There is a long list of over 100 books identifying romance titles written by men on Goodreads.
According to Electric Literature, the vast majority of gay romances are written by women.
So why are men writing romance and women writing gay fiction?
Because they are both popular genres and offer a lucrative reading market and gender doesn’t matter when it comes to identifying market opportunities.
It is an old business expression – go to where the money is.
For many successful self-publishing authors, gender-neutral author names with initials, pseudonyms or genre adapted pen names open the door to writing and succeeding in any genre.
The Guardian writes – “Women writers have long disguised their gender hoping to get taken seriously but a few male authors pretend to be female to hopefully sell more books.”
Finding your niche market by what sells
The key to making money from self-publishing is to write for readers, no matter your gender. Good authors are good authors. But it means researching what readers buy, and why they buy.
One of the most important elements, apart from the story and having a good book editor, is a book cover that suits a certain genre.
If you do a quick scan of any genre on Amazon, you will find a distinct similarity between the covers of the bestselling titles. It is because readers of specific genres have an expectation of how a cover should look.
Here are a few screen grabs from Amazon from five popular genres.
If you scroll further down through each genre list on Amazon you will notice that many poor selling titles have low-quality covers that do not fit as typical of the genre.

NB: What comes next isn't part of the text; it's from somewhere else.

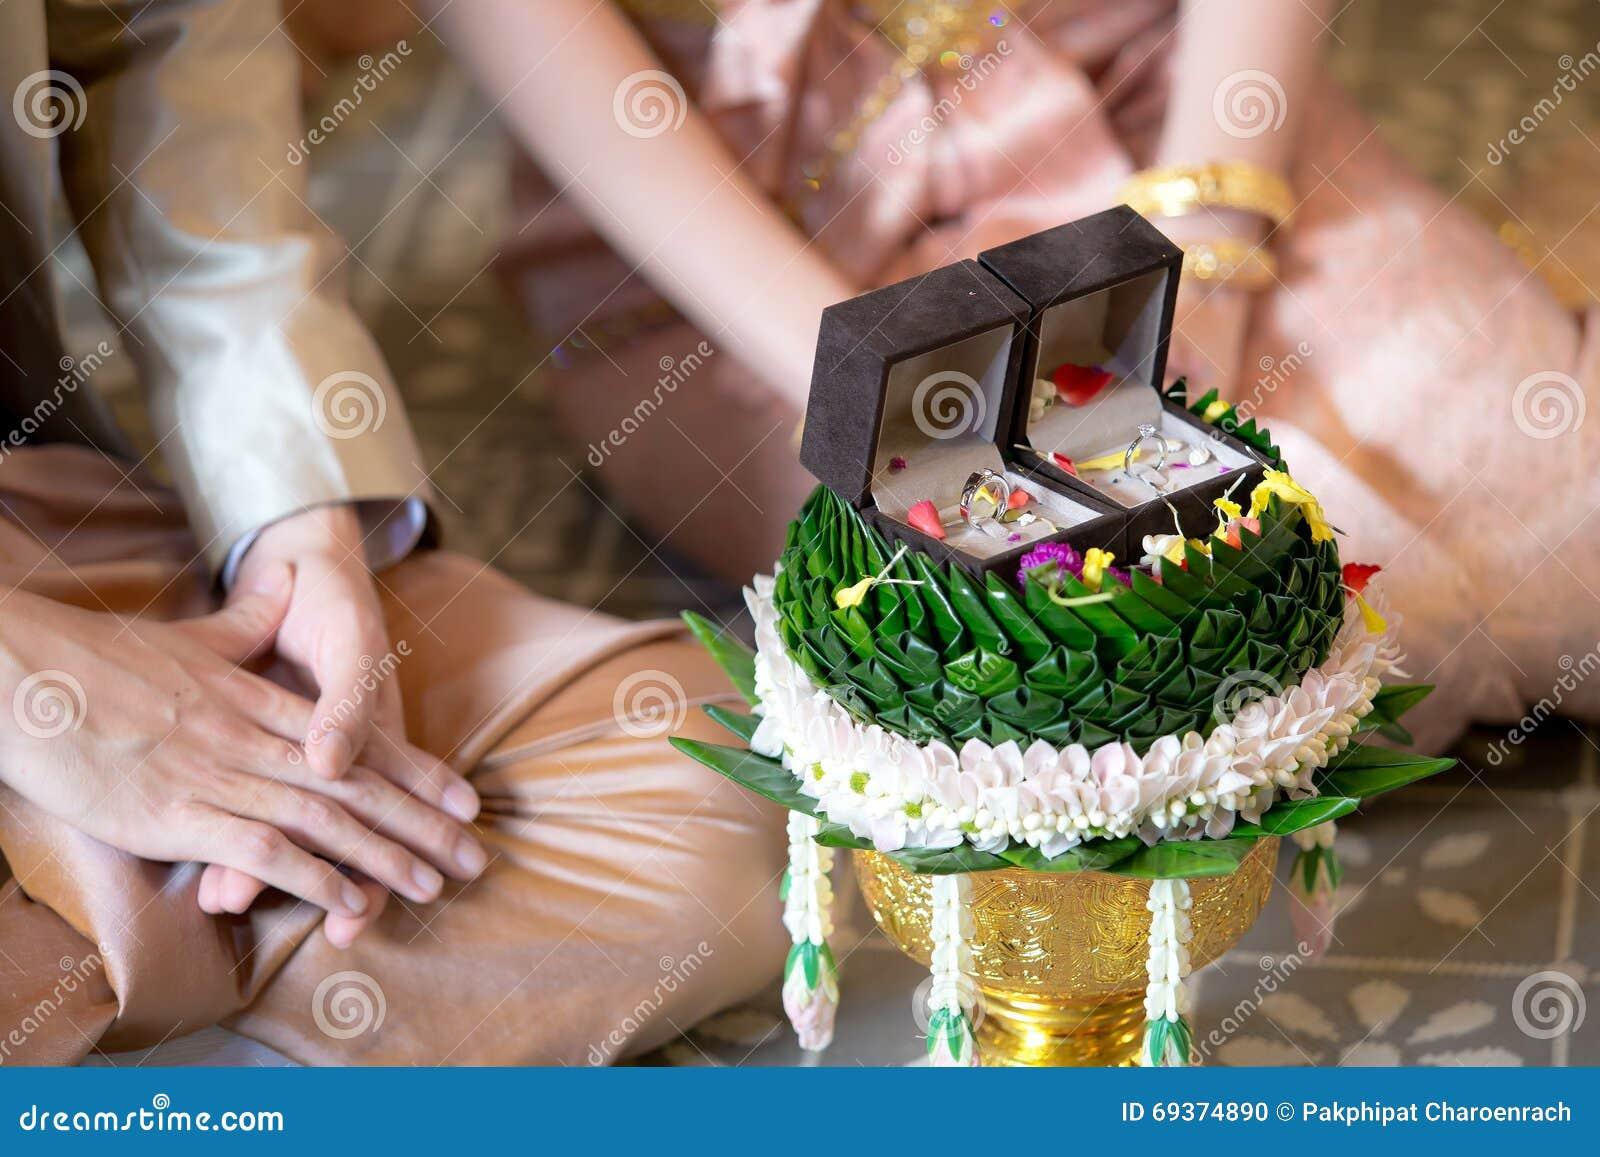 Desposorio y anillos de bodas/boda tailandesa tradicional - (Selec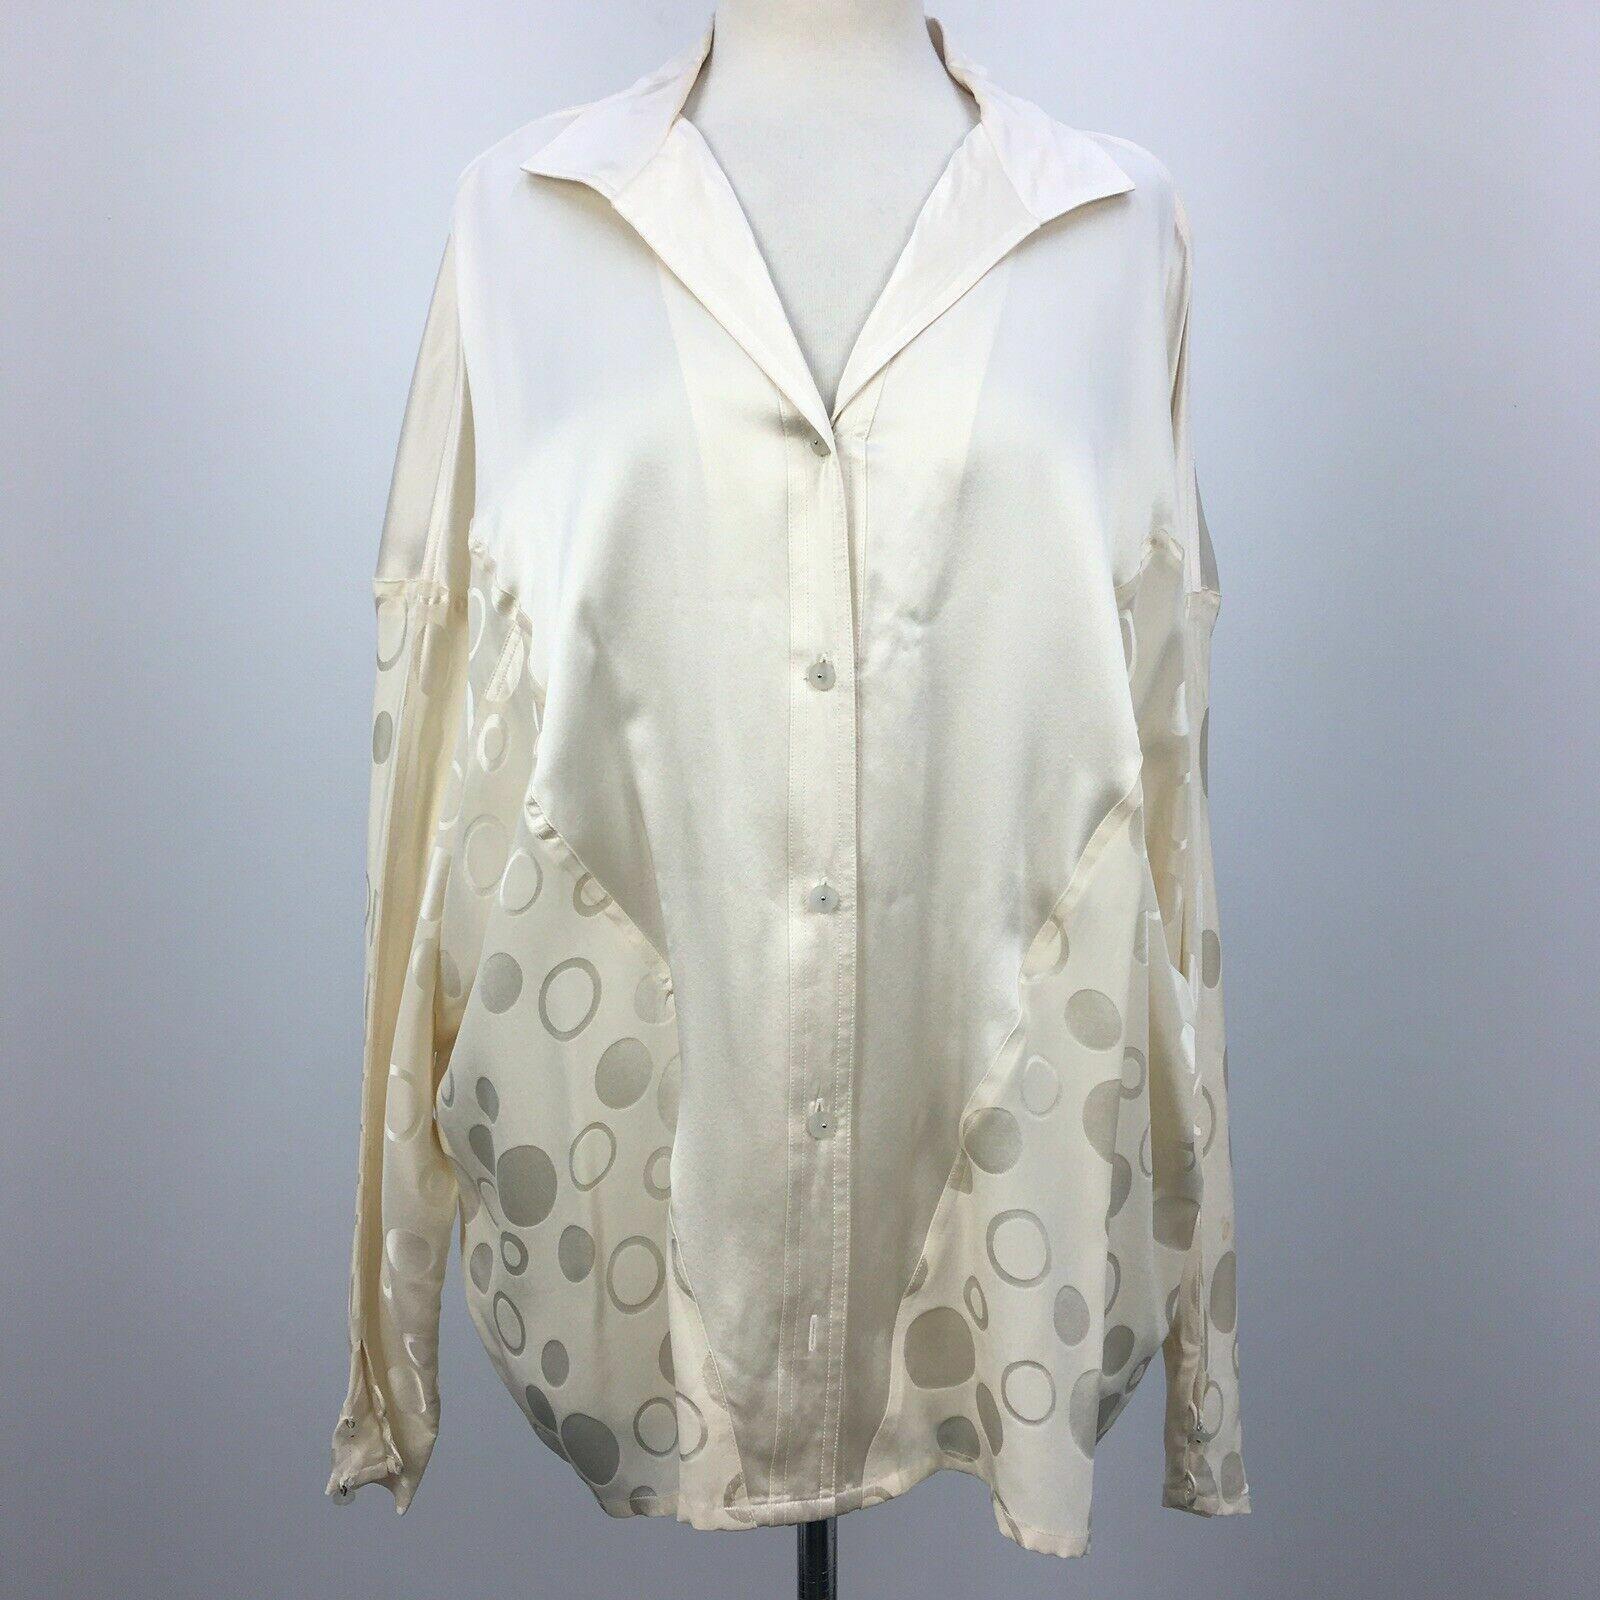 Francesca of damon silk top

Categories and Amazon search keywords
Another major factor in market research for a new book is finding out what genres readers really buy, and what genres don’t sell very well.
Sometimes the success of a book can be as simple as listing it in the right competitive categories and finding associated search keywords.
If you are publishing self-help, information about which categories produce the most sales can give you a clear advantage.
In the example above, self-help>motivational and self-help>happiness are prime categories with 90 sales a day between them. But then you need to find ranking search keywords to complement the category.
You can see the best possibilities are motivational quotes, motivational books and motivational books for women to match the category of self-help>motivational.
The above example is basic but simple research like this can be done for any genre of book.
For a highly competitive genre such as romance, a little research can help position a new book much better on Amazon.
A quick look at competitive titles can give you a few clues.
I selected a romance title that is ranked at just over #500. Then I scanned the categories of competing titles.
The daily sales of Romance>Mystery & Suspense look the most promising. So if I selected this category, all I need now are some solid search keywords.
Trying the keyword sleuth gives two very good romance possibilities.
Then using detective for a new keyword search, it gives me four more very good suggestions.
The quick research above would help position a new title much better than listing it under the very broad categories of Romance or Contemporary Romance.
Finding the right niche categories and keywords is the best way to get sales from readers searching Amazon for a new book to buy.
It doesn’t matter if the book genre is mystery, poetry, alien gods, horror, native American history or overcoming divorce, there are always categories and keywords that will help position the book for better search results.
Doing sound and accurate market research is what can make the difference between success and failure. When you understand what readers think are the best books to read, then you can position and produce a book to suit their buying preference.
You can self-publish for pleasure, or for a profit. But if profit is your aim, there is no short-cut to achieving your goal. You have to understand your potential readers and book buyers.
What do they want, and how can I keep the customer satisfied? When you can answer those two questions, you are going to have a chance of succeeding.